Honorary Senior Research Fellow, Centre for Evidence Based Medicine
- Senior Associate Tutor, Department of Continuing Education
- Researcher, Nordic Cochrance Centre, Rigshospitalet (dept. 7811), Blegdamsvej 9, 2100, Copenhagen
- Visiting Professor, Institute of Health & Society, Faculty of Medicine, Newcastle University
Tom Jefferson is a physician, researcher and campaigner for access to randomised controlled trial data.
For many years, Tom was denied access to regulatory data on which to base the Cochrane reviews he co-authors. At present, Tom is the first author of the only Cochrane review based solely on unpublished regulatory data. The review of neuraminidase inhibitors for preventing and treating influenza was seen as a major methodological development in the field of evidence-based medicine. The review challenged opinion across the regulatory, industrial and policy arenas, and has since been added as a landmark within the James Lind Library. It was the most accessed review in the Cochrane Library in 2014. The review was published in April 2014, both on the Cochrane Library and the BMJ, and was the culmination of a four-year campaign to obtain a complete set of 107 previously unseen clinical study reports.
Currently Tom is stabilising the suite of influenza vaccines reviews he is co-author of, and is co-authoring a review of regulatory evidence on HPV vaccines.
In addition,Tom is taking part in the following:
- Interim guidance on the inclusion of clinical study reports and other regulatory documents in Cochrane Reviews funded by the Cochrane Methods Innovation Fund (MIF). This is a project aimed at improving the methodological quality of Cochrane reviews. The project aims to develop a background document on the rationale for including clinical study reports and other regulatory documents in Cochrane Reviews and advice on judging the priority of including such types of information in reviews (role PI).
- Jean Monnet Network Grant to create the Jean Monnet Health Law and Policy Network to address reporting bias, enhance regulatory transparency and introduce regulatory data in public health decision making (role: investigator).

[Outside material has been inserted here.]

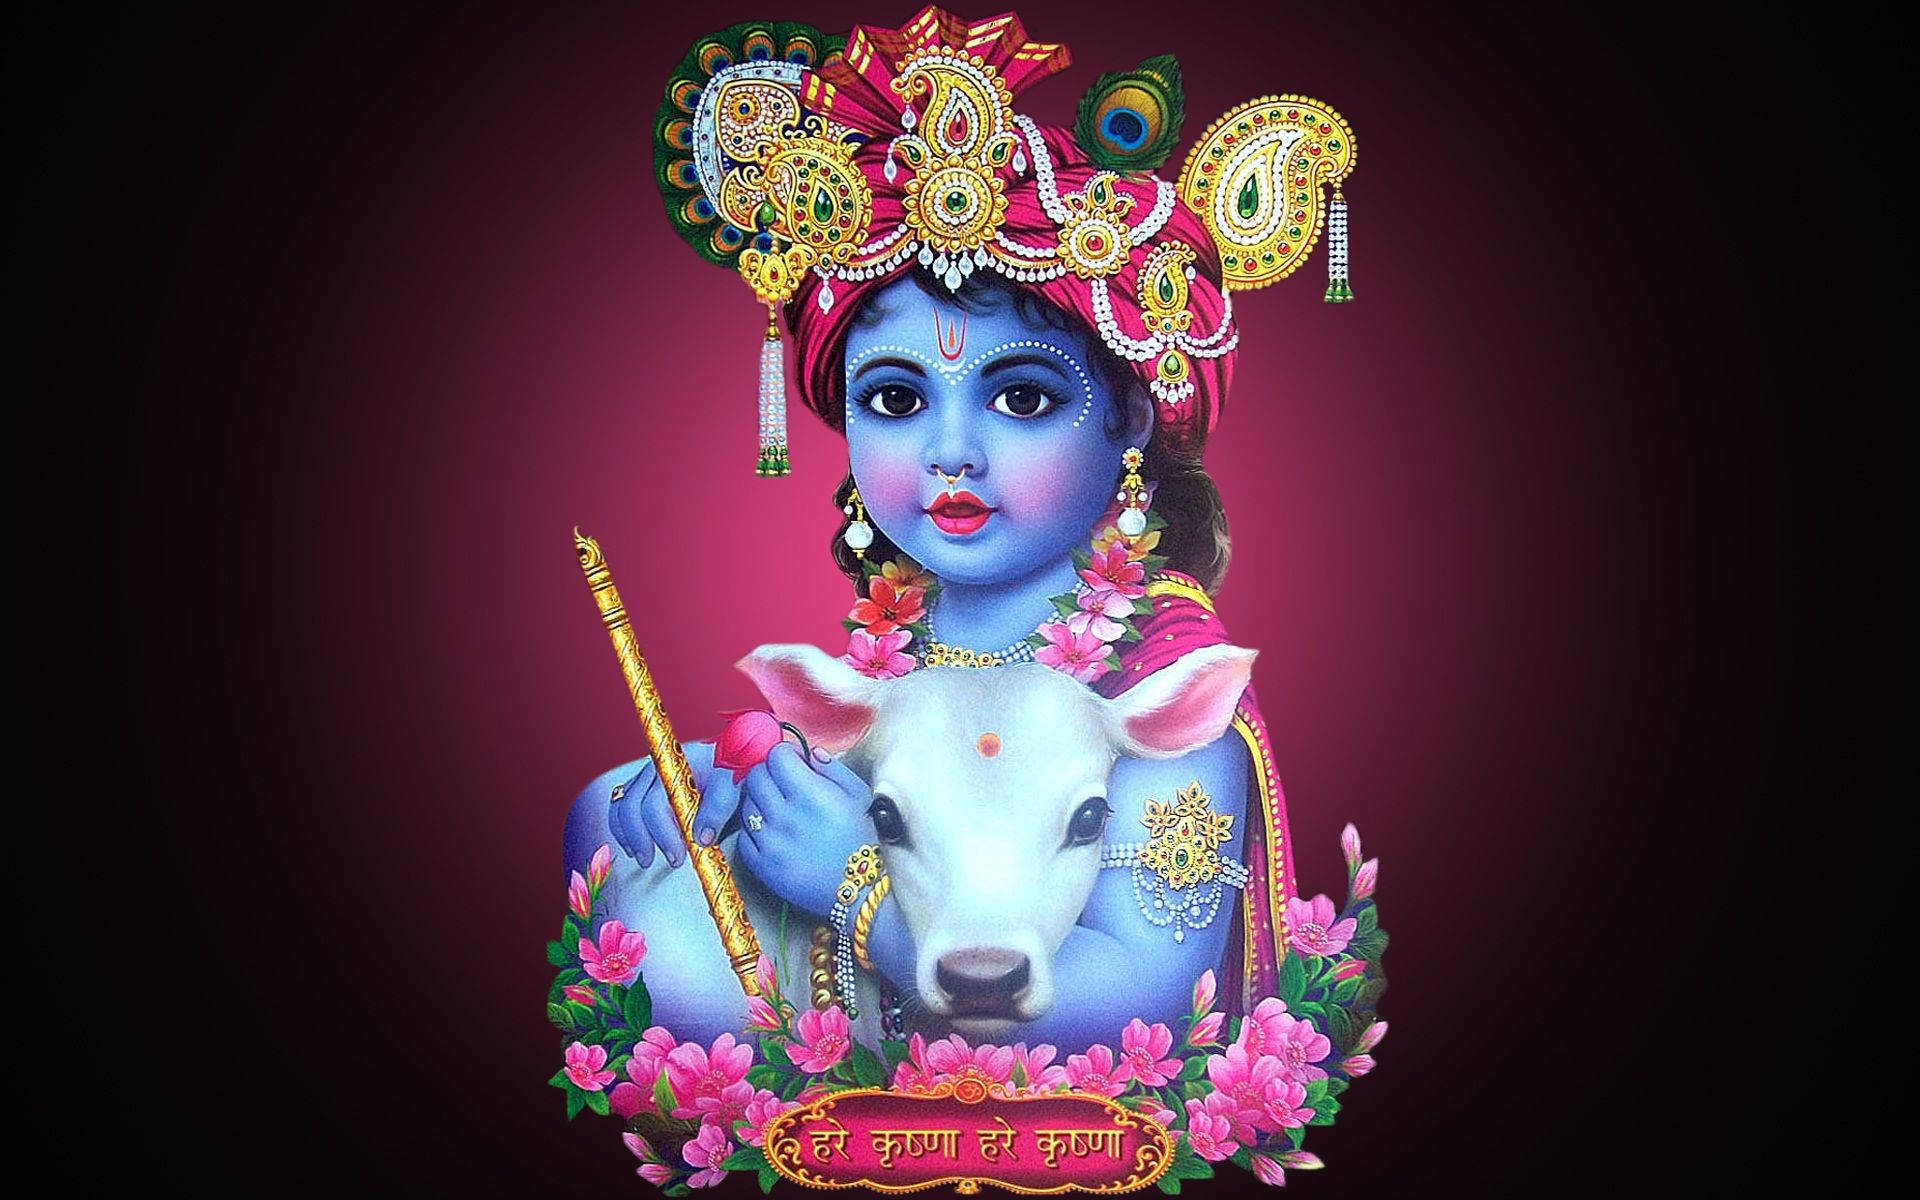 Radha Krishna Swing Wallpaper  Ultra Hd Hd Images Of Radha Krishna   1600x1200 Wallpaper  teahubio

- RIAT Support Center funded by the Laura and John Arnold Foundation. The RIAT (Restoring Invisible and Abandoned Trials) initiative outlines an accountable method for third-party researchers to publish unpublished trials and correct misreported trials when the original trial sponsors or investigators won’t. The Laura and John Arnold Foundation-funded RIAT Support Center will provide free-of-charge, practical aid and guidance to researchers that wish to RIAT, provide limited funding to selected RIAT teams, and engage in public advocacy efforts to achieve system level changes on clinical trial transparency (role Co-Investigator).
- Tom is an unpaid collaborator to the project Beyond Transparency in Pharmaceutical Research and Regulation led by Dalhousie University and funded by the Canadian Institutes of Health Research (2018-2022).
TJ was a recipient of a UK National Institute for Health Research grant for a Cochrane review of neuraminidase inhibitors for influenza. In addition, TJ receives royalties from his books published by Il Pensiero Scientifico Editore, Rome and Blackwells. TJ is occasionally interviewed by market research companies about phase I or II pharmaceutical products. In 2011-13, TJ acted as an expert witness in litigation related to the antiviral oseltamivir, in two litigation cases on potential vaccine-related damage and in a labour case on influenza vaccines in healthcare workers in Canada. He has acted as a consultant for Roche (1997-99), GSK (2001-2), Sanofi-Synthelabo (2003), and IMS Health (2013).In 2014 he was retained as a scientific adviser to a legal team acting on oseltamivir. TJ has a potential financial conflict of interest in the drug oseltamivir. In 2014-16, TJ was a member of three advisory boards for Boerhinger Ingelheim. He is holder of a Cochrane Methods Innovations Fund grant to develop guidance on the use of regulatory data in Cochrane reviews. TJ was a member of an independent data monitoring committee for a Sanofi Pasteur clinical trial on an influenza vaccine. Between 1994 and 2013, TJ was the coordinator of the Cochrane Vaccines Field. TJ is a co-signatory of the Nordic Cochrane Centre Complaint to the European Medicines Agency (EMA) over maladministration at the EMA in relation to the investigation of alleged harms of HPV vaccines and consequent complaints to the European Ombudsman. TJ is co-holder of a John and Laura Arnold Foundation grant for development of a RIAT support centre (2017-2020) and Jean Monnet Network Grant, 2017-2020 for The Jean Monnet Health Law and Policy Network.